Perspective
Radicalization of Islamist Terrorists in the Western World
By Ryan Hunter, M.A., and Daniel Heinke
Modern Islamist extremism emerged in the middle of the last century, but, in its beginnings, was limited to the Middle East. That dramatically changed in the aftermath of the assault on 9/11 when the threat Islamist terrorism posed to countries in the Western world became apparent. While it was not the first time Islamist militants targeted a Western country, the scale of the attack—killing almost 3,000 people and destroying the iconic Twin Towers—demonstrated that the threat from such organizations and individuals had shifted. Since 9/11, that menace continues to transform, and Western societies increasingly must deal with a rise in so-called homegrown Islamist terrorism.
In itself, homegrown terrorism is not a new phenomenon as nationals of the respective country conduct the vast majority of typical nationalistic or politically motivated terrorist activity. However, violent Islamist ideology inspiring homegrown terrorism in the West represents a new aspect.
The terms homegrown terrorism and homegrown violent extremism typically describe radicalized Western citizens or local residents. They adopt an extremist religious or political ideology hostile to Western societies and values and turn to terrorism. The word radicalization has many definitions in intelligence and law enforcement communities. The FBI defines it as “the process by which individuals come to believe their engagement in or facilitation of nonstate violence to achieve social and political change is necessary and justified.” German law enforcement and intelligence agencies describe it as the “turning of individuals or groups to an extremist mind-set and course of action and the growing readiness to facilitate or engage in nondemocratic methods up to the execution of violence to achieve their goals.”
Radicalization: Who and How
Counterterrorism is more art than science. Radicalization, especially of Islamist extremists, only recently has become a serious research topic of law enforcement organizations, intelligence agencies, and academia. Yet, data still are not extensive and have resulted mainly from shared analysis of executed or prevented terrorist attacks. Baseline data for comparison have proven difficult to collect because of legal restrictions and other issues. Collection also presents challenges because, generally, Islamist terrorism is not static, but highly flexible, including its recent manifestation into homegrown terrorism. This new manifestation does not replace known variations of Islamist terrorism, but represents additional threats possibly encountered independently or in combination with foreign-based efforts. To counter this threat, various government studies from western European countries and comparable research in the United States have considered two key points of homegrown violent extremism: who becomes radicalized and how the radicalization process works.
Who: Common Denominators
Analysis in both Europe and the United States showed that violent Islamist extremists represent a broad range of the population. In Western countries, most of these individuals have been nationals or have had legal status in the country. They are ethnically diverse, although in some European countries, the majority of identified Islamist terrorists comprised part of the largest immigrant Muslim community (e.g., France: Algerian; Great Britain: South Asian; Spain: Moroccan).
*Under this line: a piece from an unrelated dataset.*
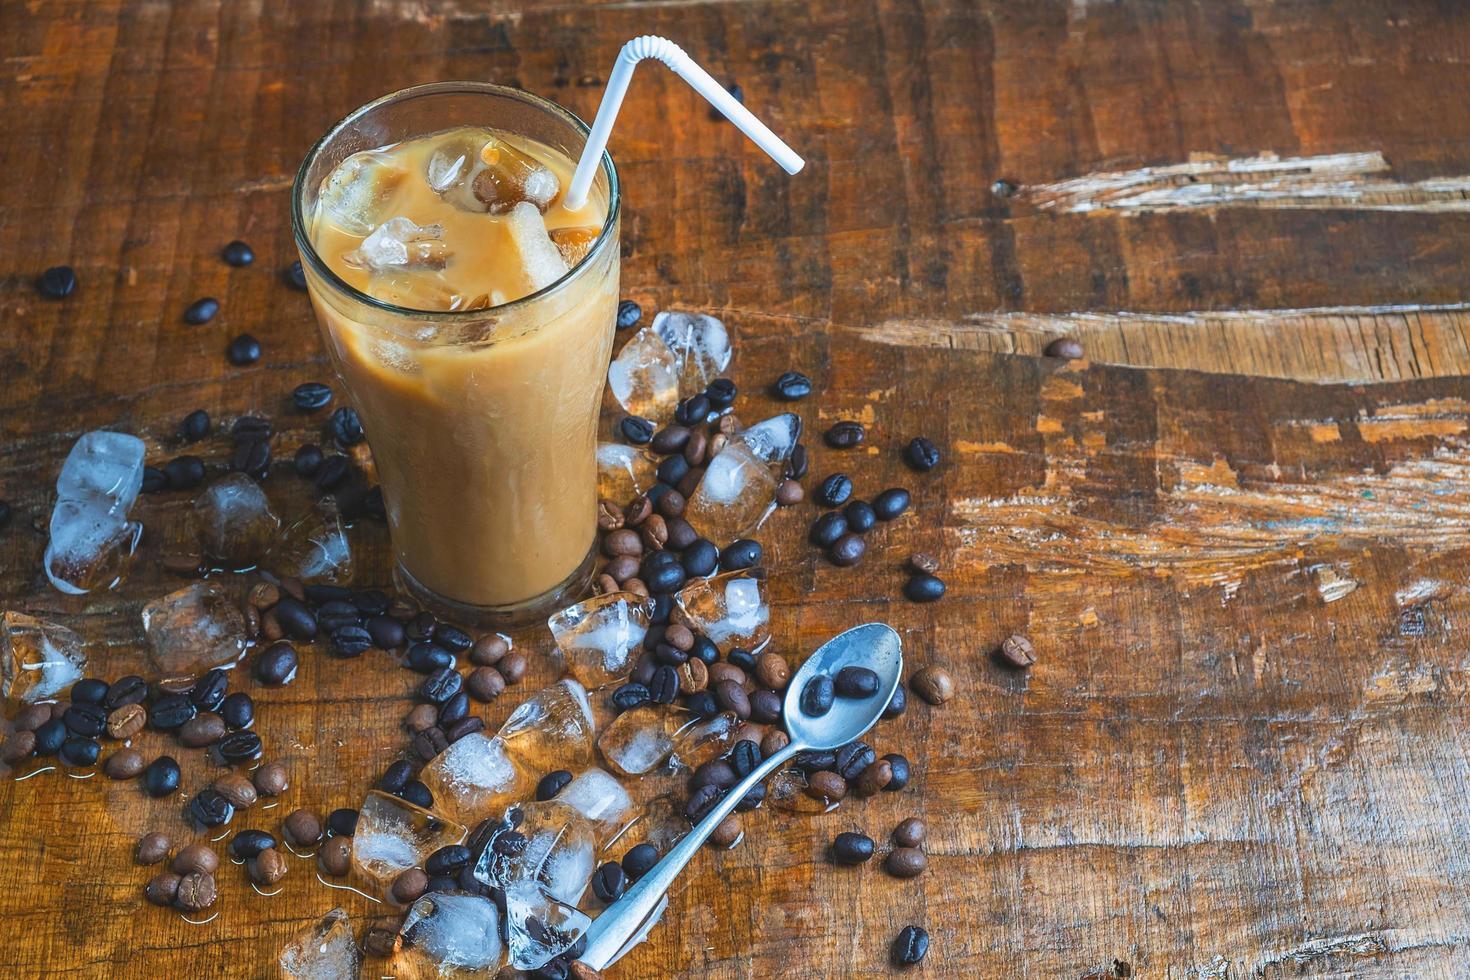 café helado en una mesa de madera foto

However, this does not hold true for other large countries, such as Germany, Italy, and the United States.
Additional stereotypes do not prove valid either. Most terrorists are male, but women also play an important role. The majority of extremists are between 20 and 30 years old, but a number of older men—sometimes women—require consideration too. While numerous individuals are single, many also have steady relationships and children. Their educational backgrounds span the entire spectrum, from no formal qualifications to postgraduate degrees (although the majority worked in relatively low-grade jobs). Some analysis indicated that many radicalized Islamists in western Europe tend to seek a group-oriented life, and group dynamics also have proven a common factor in promoting terrorist activities in the United States. A disproportionately high number of Islamist extremists in the West converted to Islam, but this neither insinuates a general tendency toward radicalization among converts nor does it deny the fact that the majority of Islamist extremists were born into the Muslim faith. Most of these terrorists’ prior criminal involvement was minor or nonexistent. Homegrown Islamist extremists are so socially and demographically diverse that no universally accepted profile can be compiled using sociodemographic characteristics.
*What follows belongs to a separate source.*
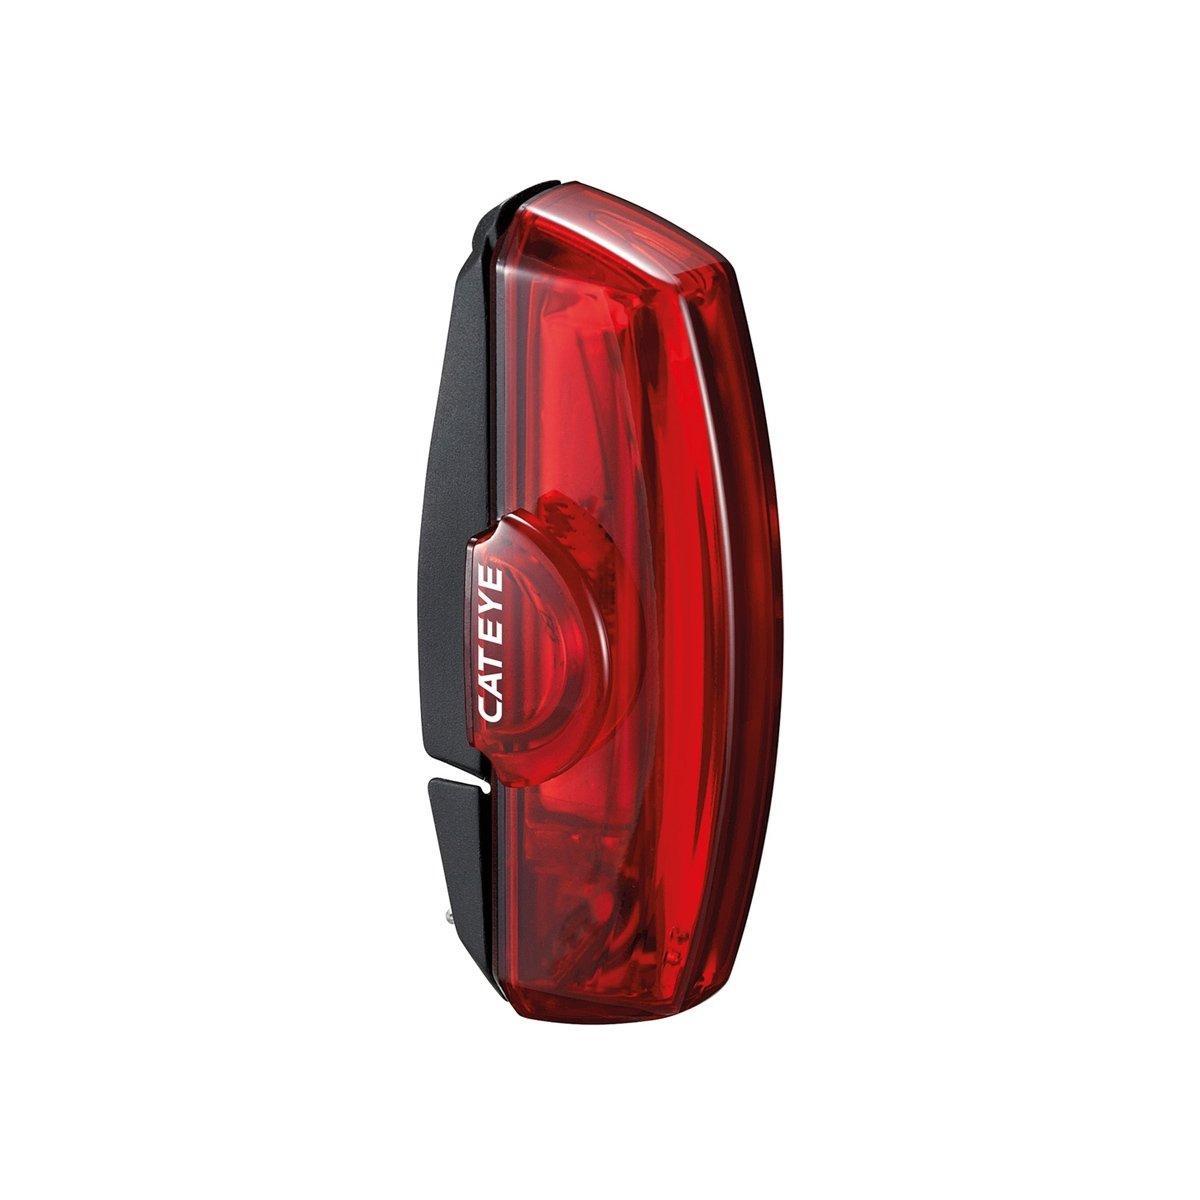 Cateye Rapid X Rear Bike Light

How: The Radicalization Process
On the surface, the pathways to terrorism seem as varied as the actors themselves. Extremists have many diverse starting points and follow many different paths that lead to ultimate involvement in terrorist activities. The existence of a common end point has led many individuals and organizations with an interest in radicalization to characterize these pathways as variations of the radicalization process, and much effort has focused on identifying common aspects to understand and—in the end—counter this progression. In the course of this research, several analyses of the radicalization of identified Islamist terrorists have been conducted, mainly based on data from law enforcement agencies and intelligence services, such as the FBI, New York City Police Department, German Federal Criminal Police Office, Dutch General Intelligence and Security Service, Swedish Security Service, Danish Security and Intelligence Service, and the British government.
While these agencies’ models and explanations are not entirely congruent, they suggest a prevailing radicalization model composed of three main components: grievance, ideology/narrative, and mobilization.1 The breakdown of these distinct components may be useful for law enforcement and intelligence agencies, as well as other government or nongovernment partner institutions, to assess the circumstances and potential radicalization of certain individuals or groups.
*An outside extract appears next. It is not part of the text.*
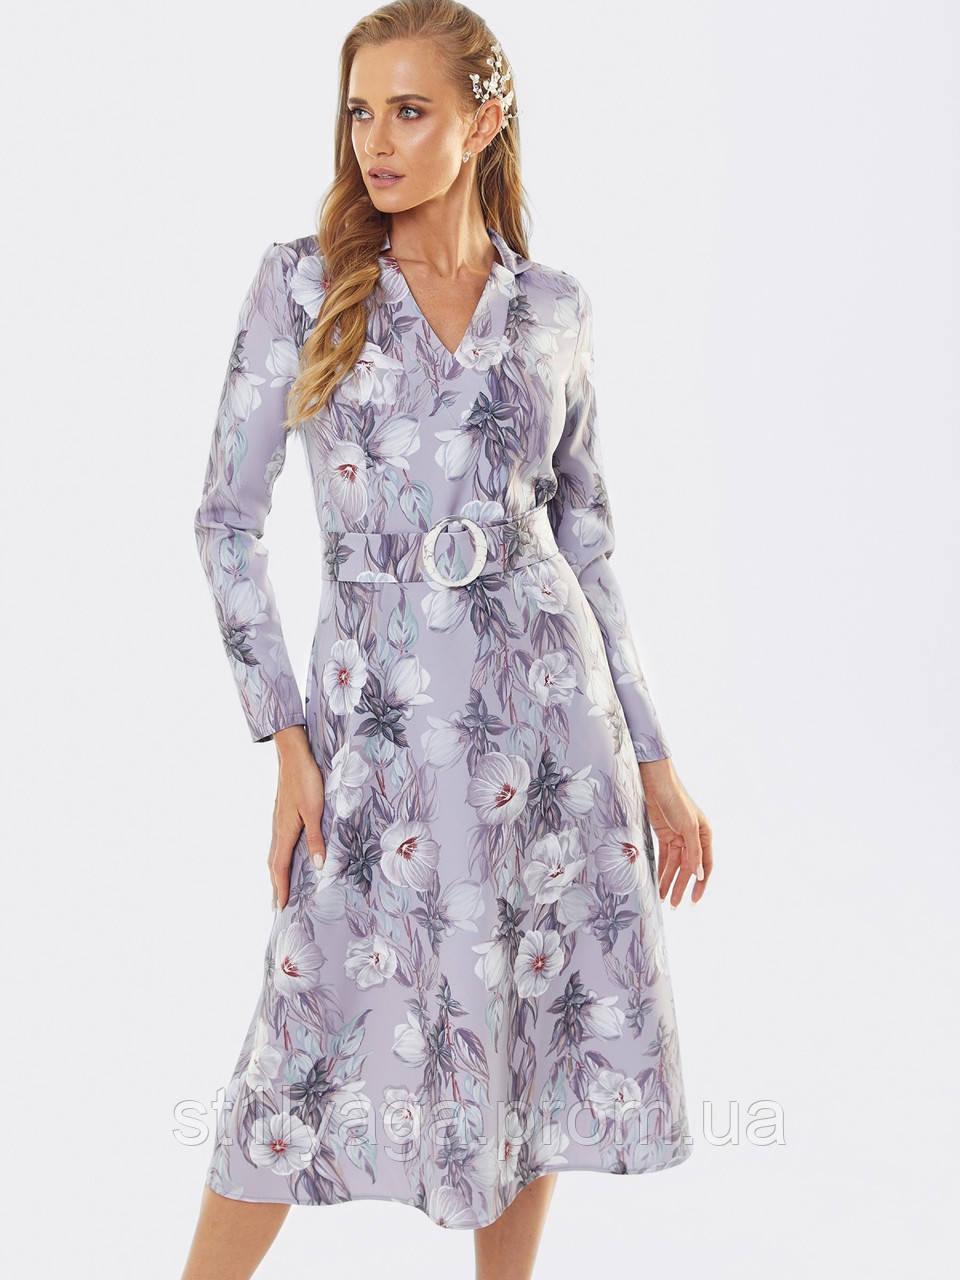 Расклешенное платье  длиной миди в мелкий цветочный принт

However, these components do not reflect an automatism and do not follow a fixed timeline of radicalization. Obviously, not all individuals who begin this process complete it. Many stop or even abandon this development at various points and for different reasons; some reenter later and begin again. Others do not follow the implied sequential development, but move from one radicalization stage to the next. Yet other individuals do not seem to make well-considered decisions within this process, but follow it like a slippery slope. The radicalization process can take several years for some persons, but develop very quickly for others.
Grievance
Discontent seems to serve as the prerequisite of the radicalization process. Issues driving this attitude toward individuals in the West may include perceived persecution of Muslims throughout the world; a sense of uprootedness, alienation, or lack of acceptance; feelings of discrimination, especially among second- or third-generation immigrants; or a general search for identity.
This discontent may be based on individuals’ actual experiences or those of other people within their community, or it may result from the normal process of identity formation among young people. These latter feelings of uncertainty of oneself during adolescence and early adulthood are common and well-known in developmental psychology, but after an individual feels rejected by society, these emotions can lead to a deep identity crisis and cause one to search for a new purpose of life. Some Muslim-born individuals may link experiences of disadvantage or nonbelonging to their faith and judge them to be an expression of cultural and religious discrimination.
Ideology/Narrative
Ideological framing adopts this diffuse feeling of discontent and leads it in a defined direction. The idea of “us”—the ummah (community) or ummat al-mu’minin (the community of the believers)—defending against “them”—the nonbelievers conducting an alleged war against Islam—secures a strong bond among the followers while alienating them from Western citizens.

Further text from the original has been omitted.